Никак не улыбалось, чтобы застали за этим занятием. Быстро накинул пиджак, проскользнул в коридор: дверь за собою закрыл.

— Лев Николаевич, прямо ужас, к нам течет, короче говоря, как река сверху, наверно, кран забыли закрыть…

Из-под двери соседней комнаты выступила в коридор лужица, все увеличивающаяся.

— Это у проклятого китайца… ушел, мерзавец, забыл кран закрыть… То-то я слышу, журчит что-то рядом в комнате…

— Ведь нас там затопит…

— Не беспокойтесь, Валентина Григорьевна…

Лева в свое время воевал, наступал и отступал — вообще видал виды. Его худое лицо, с красивыми глазами, было довольно твердо и не нервно. Он ясно знал, где правая сторона, где левая, как сидеть у пулемета или за рулем.

— Консьержку, консьержку, — кричала Валентина Григорьевна.

Лева пробовал открыть своим ключом. Ключ не подходил. Внизу, на генераловой площадке, отворилась дверь.

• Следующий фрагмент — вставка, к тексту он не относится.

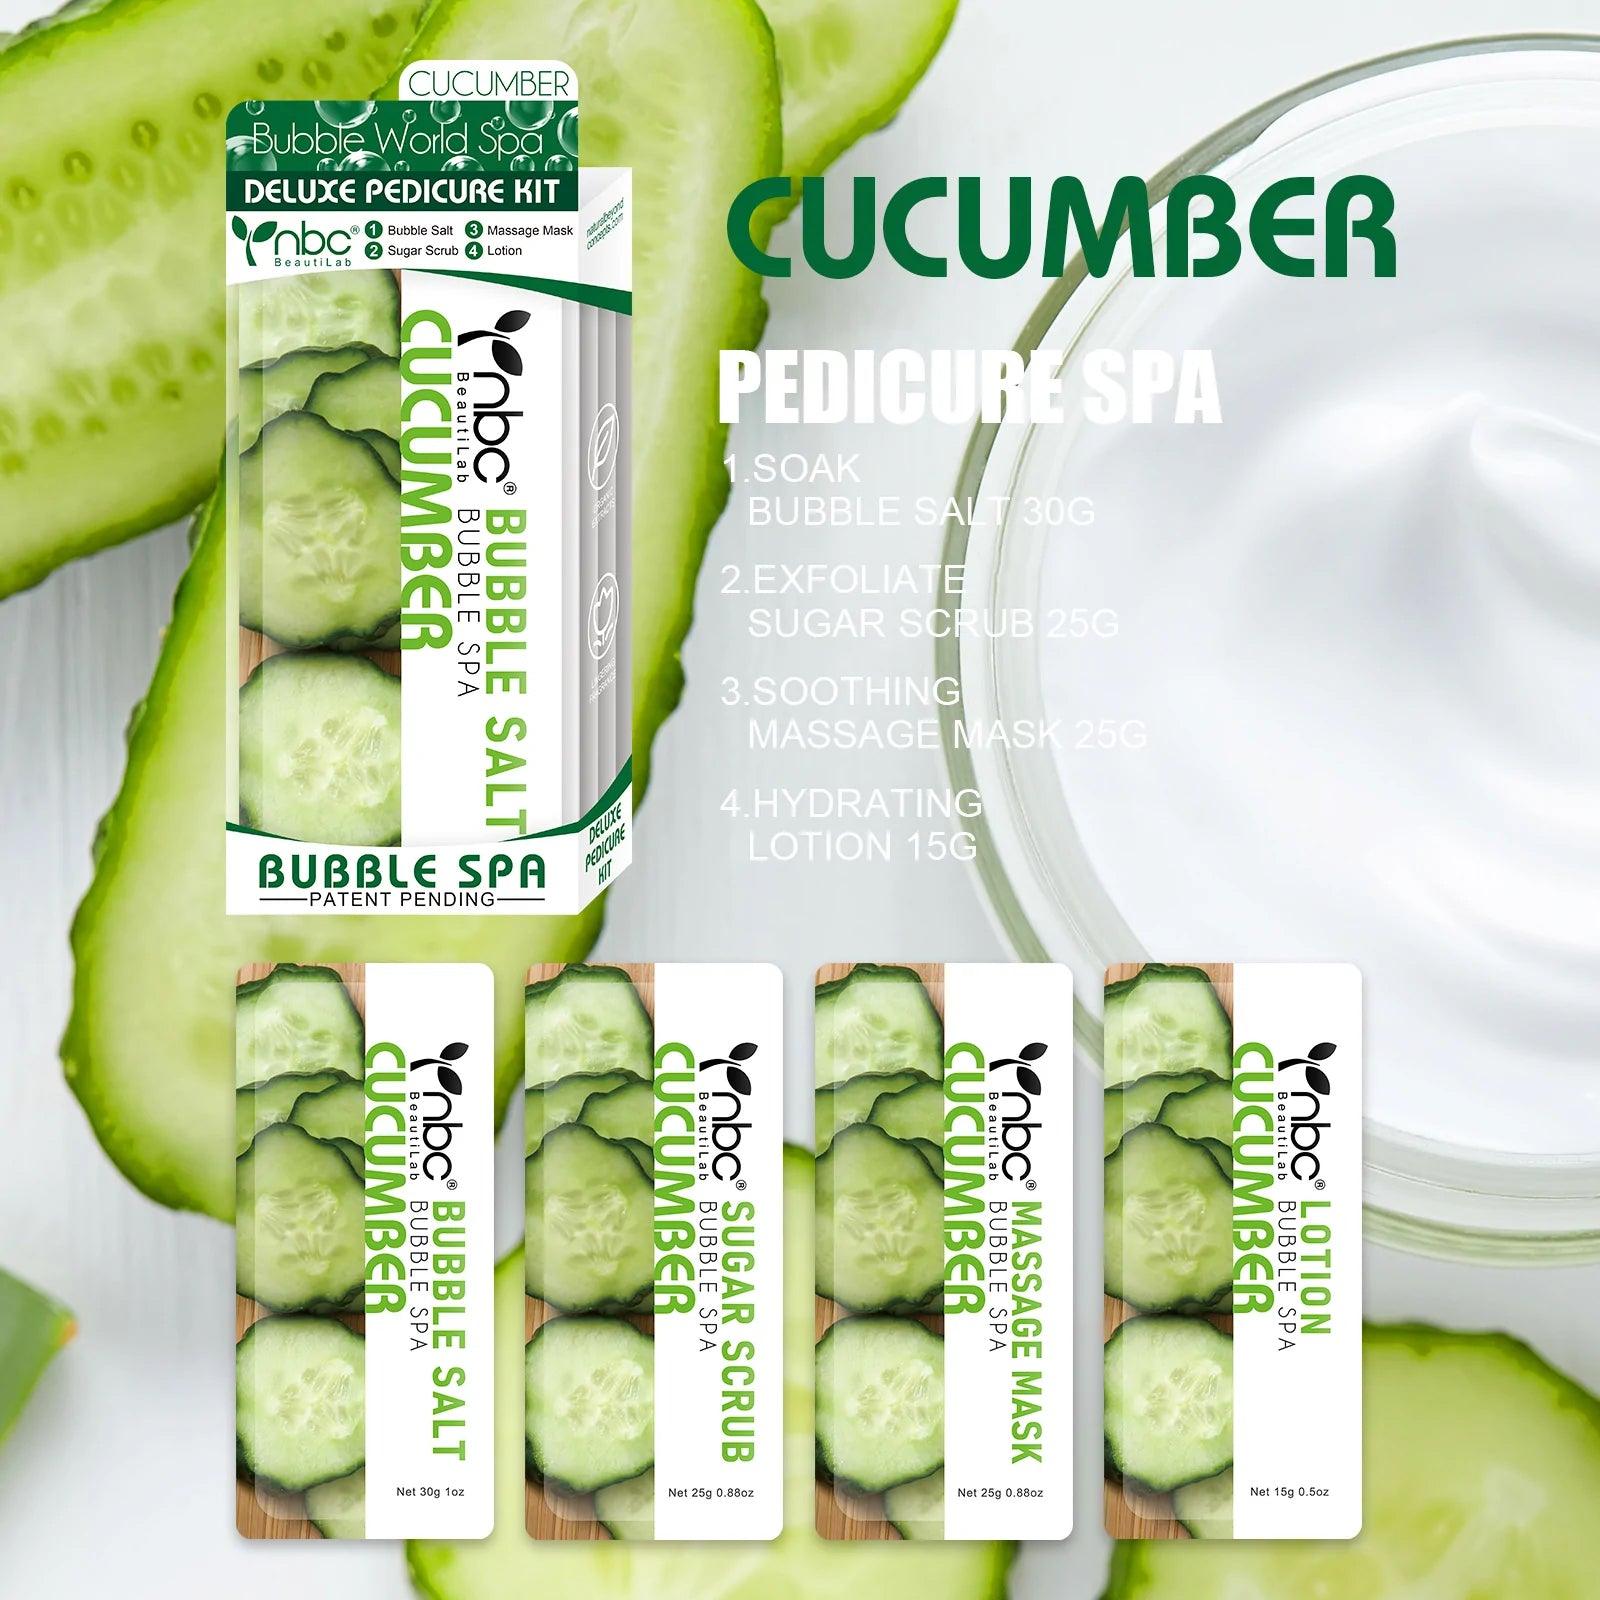 nbc Bubble Spa Pedicure 4 Step Kit - Cucumber

— Что такое? — спросил генерал громко, недовольно. — В чем дело? Кто шумит?

Но Лева уже летел к нему.

— А-а… наводнение! Так, та-а-ак-с… Желаете попробовать моим ключом? Могу.

Лева оказался очень быстр в движениях. Но генерал тоже заинтересовался — медленно стал подыматься, в пиджачке своем, еще не бритый, с таким видом, как обер-полицмейстер прибывает на пожар. Вежливо, но «с достоинством» поздоровался с Валентиной Григорьевной.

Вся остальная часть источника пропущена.